**Work instructions:**
Drop the pictures and restate the rest of the listing word for word.

**Dataset content:**
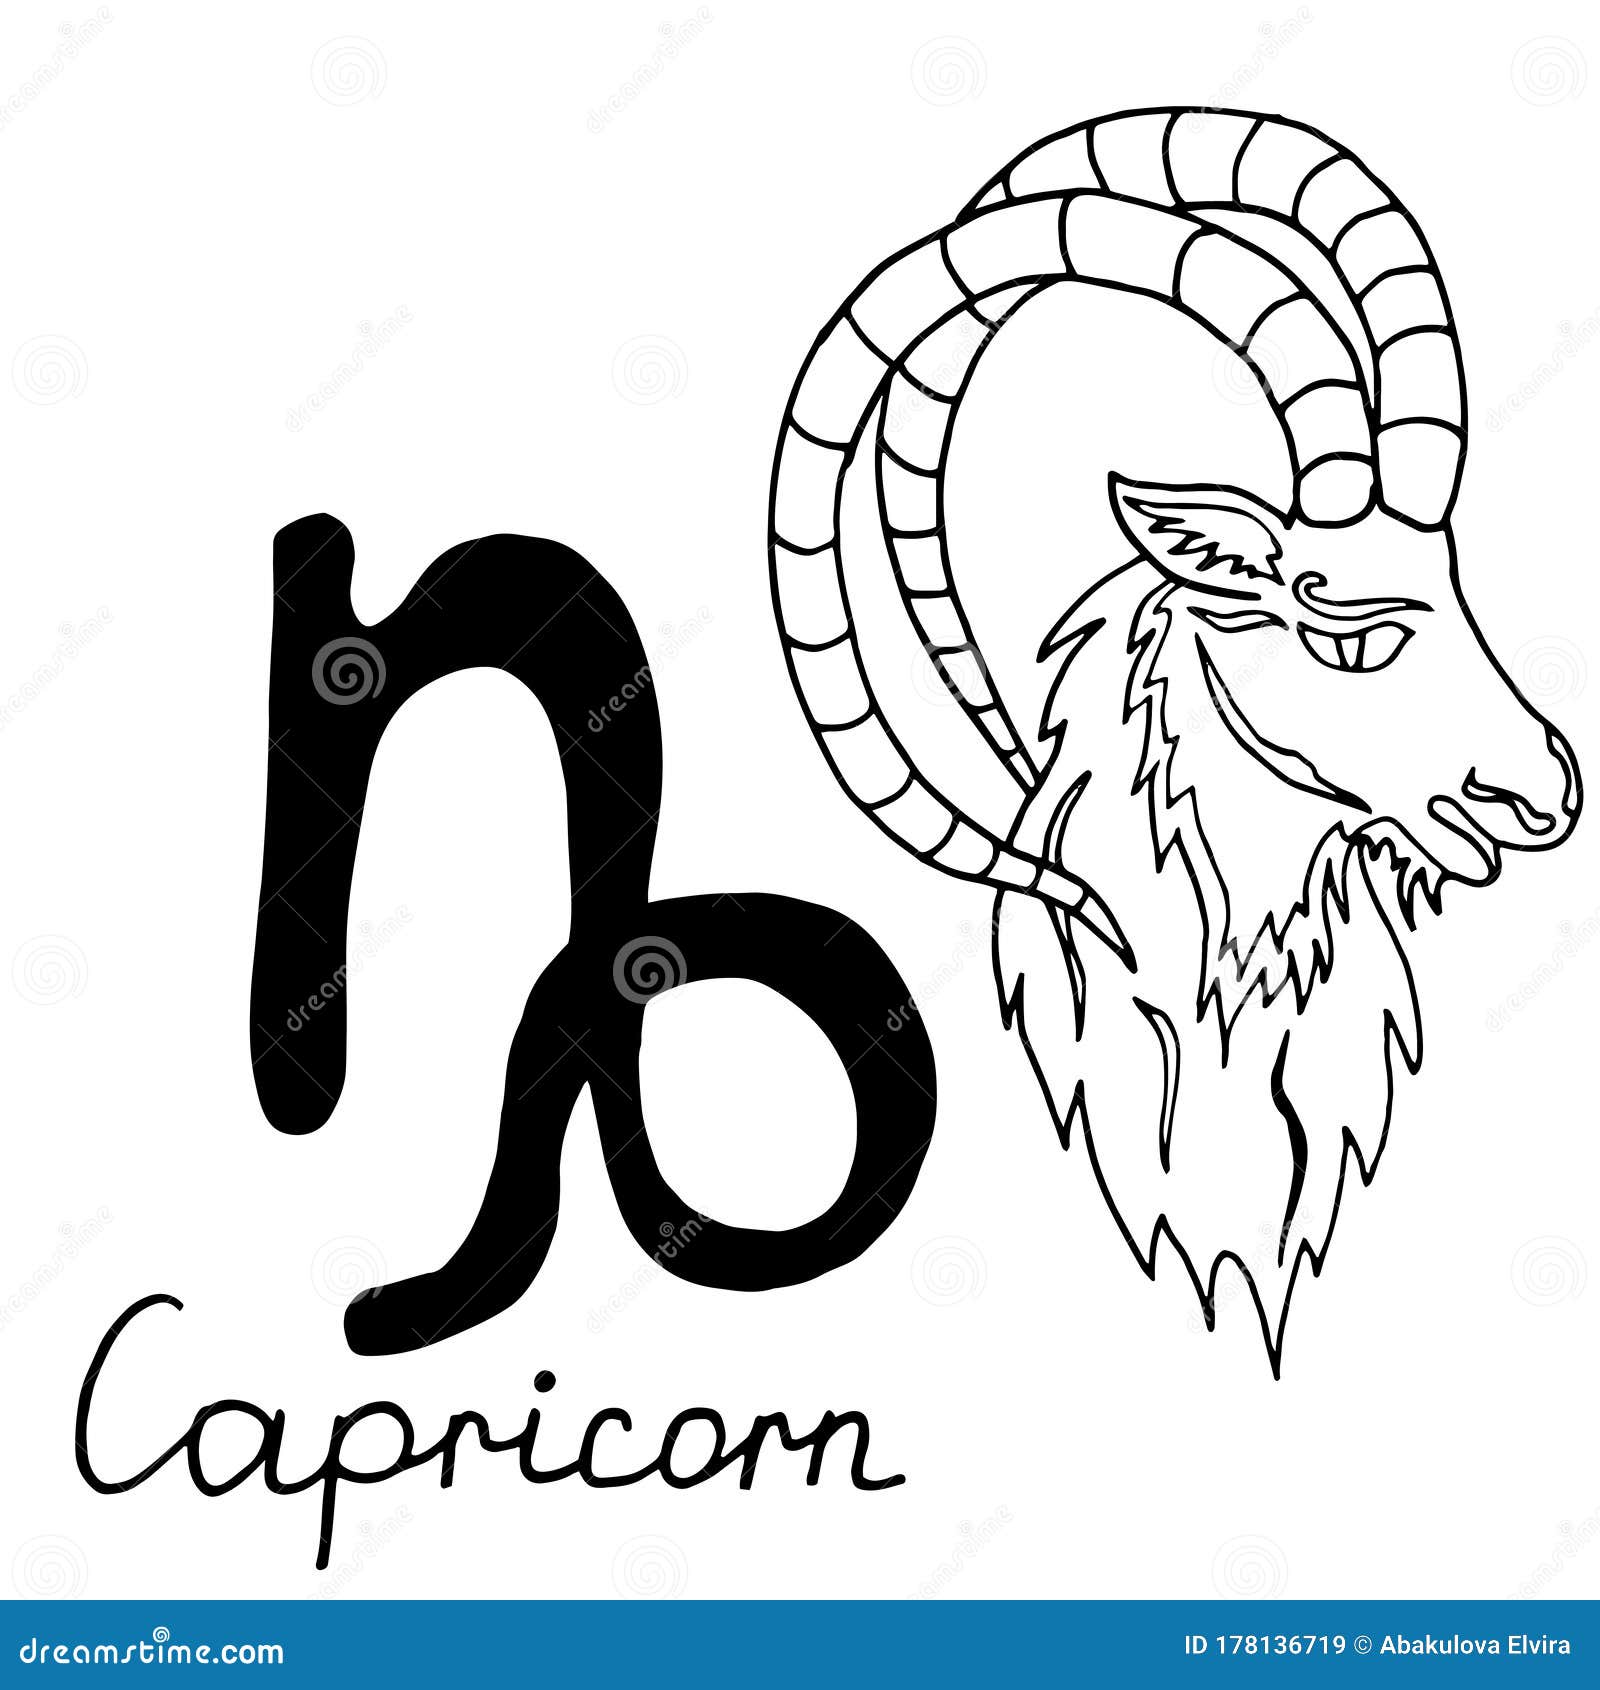 Capricorn Tattoo Designs: Show Off Your Sign With These Stunning Symbol ...
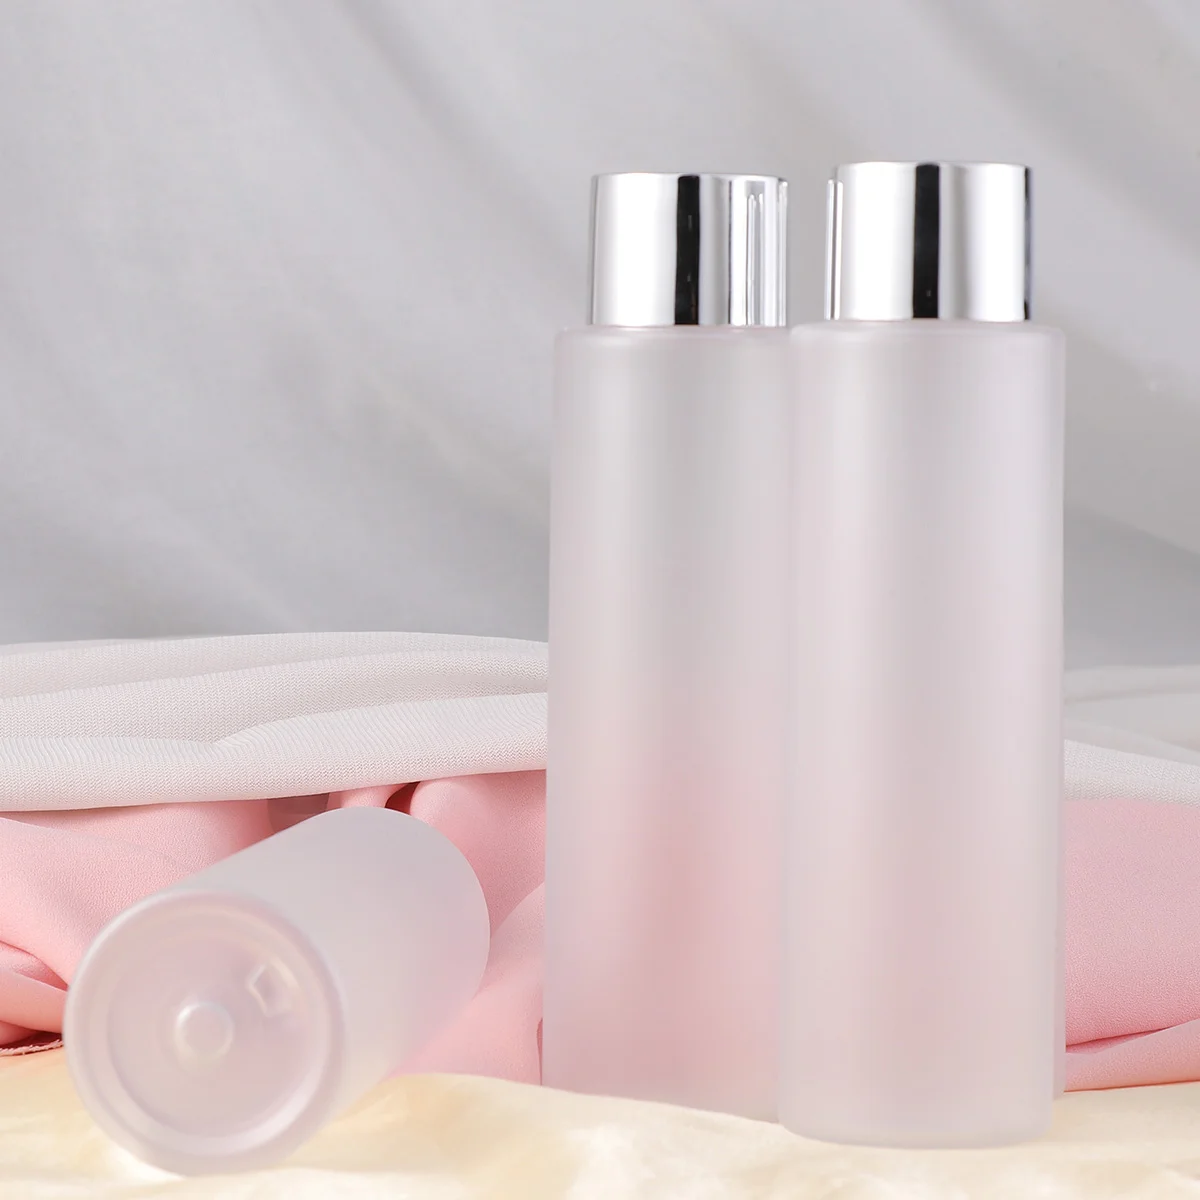 4pcs Refillable Empty Bottle Vial Jar Pot Lotion Shower Shampoo Storage Container With Cap For Home Travel 200ml
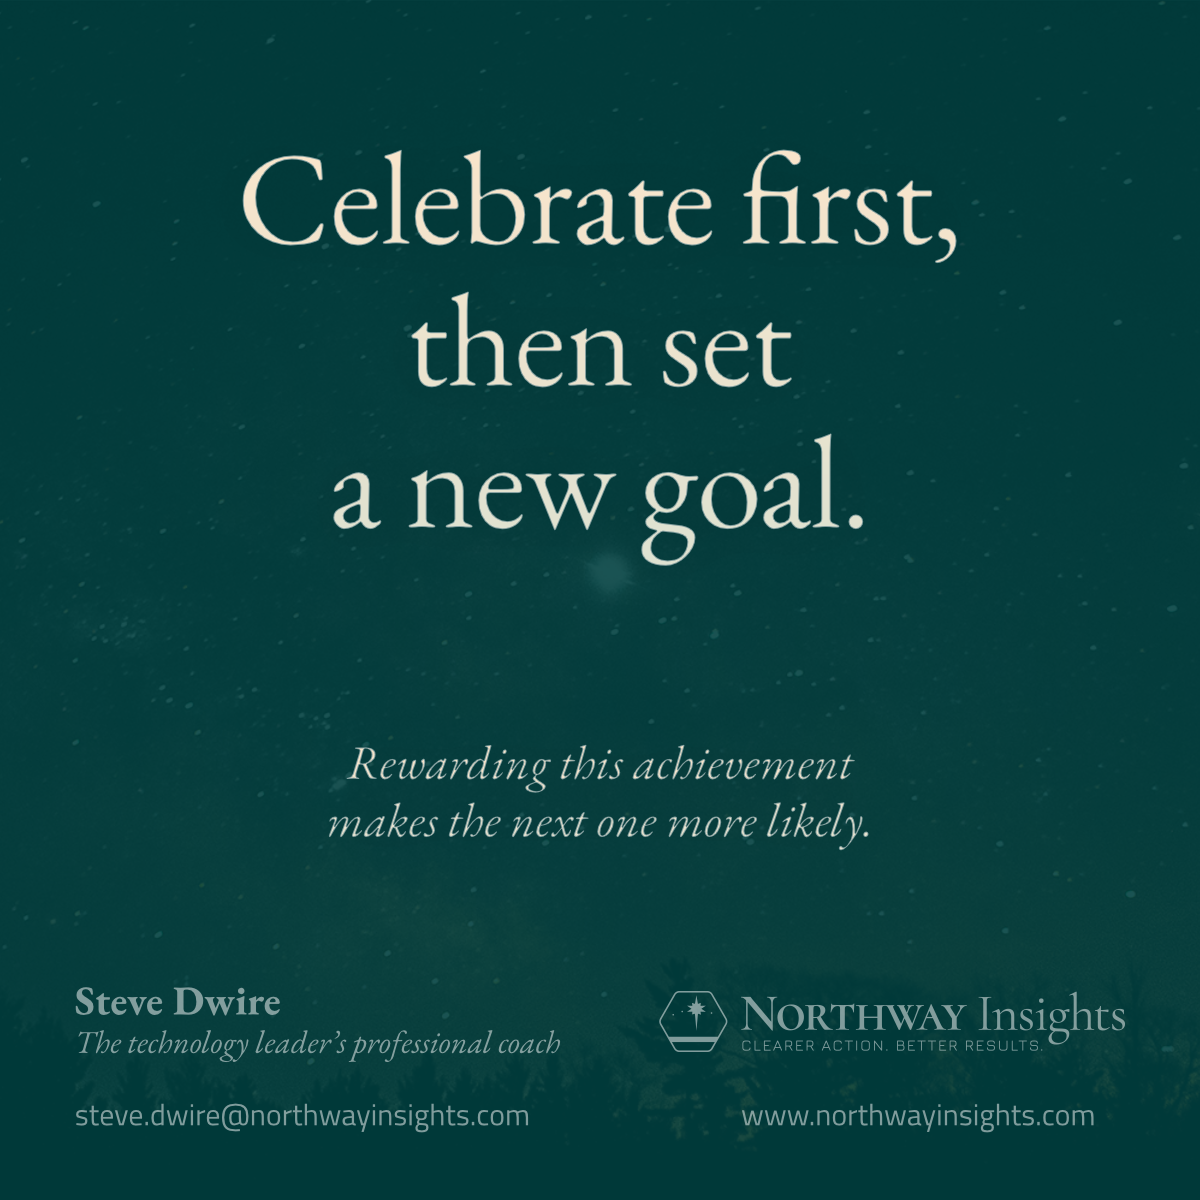 Celebrate first, then set a new goal. (Rewarding this achievement makes the next one more likely.)
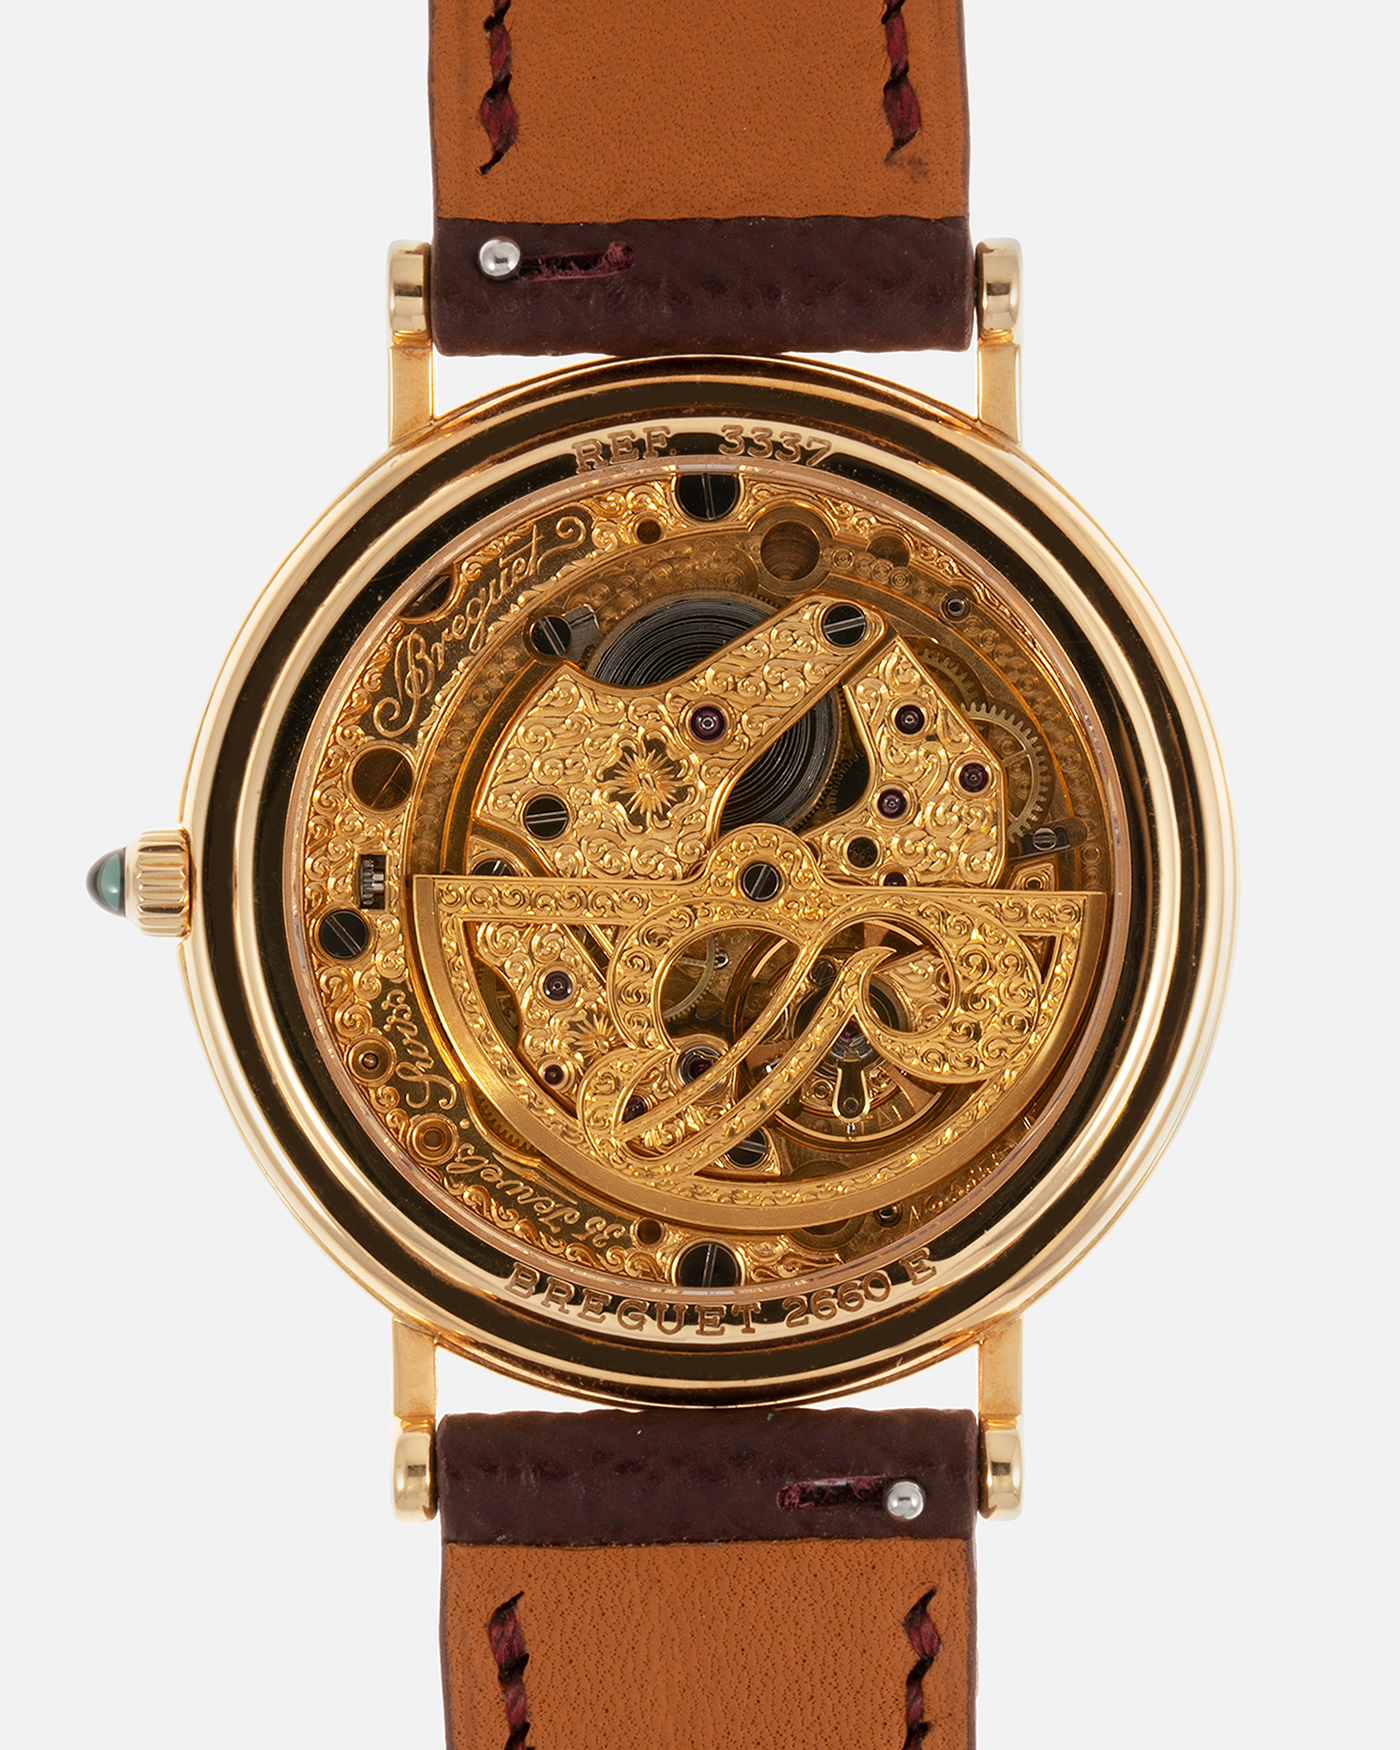 Brand: Breguet Year: 1990’s Model: Classique Day-Date Moon Phase Reference: 3337 Material: 18-carat Yellow Gold Movement: Breguet Cal. 502, Self-Winding Case Diameter: 36mm Lug Width: 18mm Strap: Generic Mahogany Brown Textured Calf Leather with Signed 18-carat Yellow Gold Tang Buckle

**Result:**
 Capricorn Tattoo Designs: Show Off Your Sign With These Stunning Symbol ...
 4pcs Refillable Empty Bottle Vial Jar Pot Lotion Shower Shampoo Storage Container With Cap For Home Travel 200ml
 Celebrate first, then set a new goal. (Rewarding this achievement makes the next one more likely.)
 Brand: Breguet Year: 1990’s Model: Classique Day-Date Moon Phase Reference: 3337 Material: 18-carat Yellow Gold Movement: Breguet Cal. 502, Self-Winding Case Diameter: 36mm Lug Width: 18mm Strap: Generic Mahogany Brown Textured Calf Leather with Signed 18-carat Yellow Gold Tang Buckle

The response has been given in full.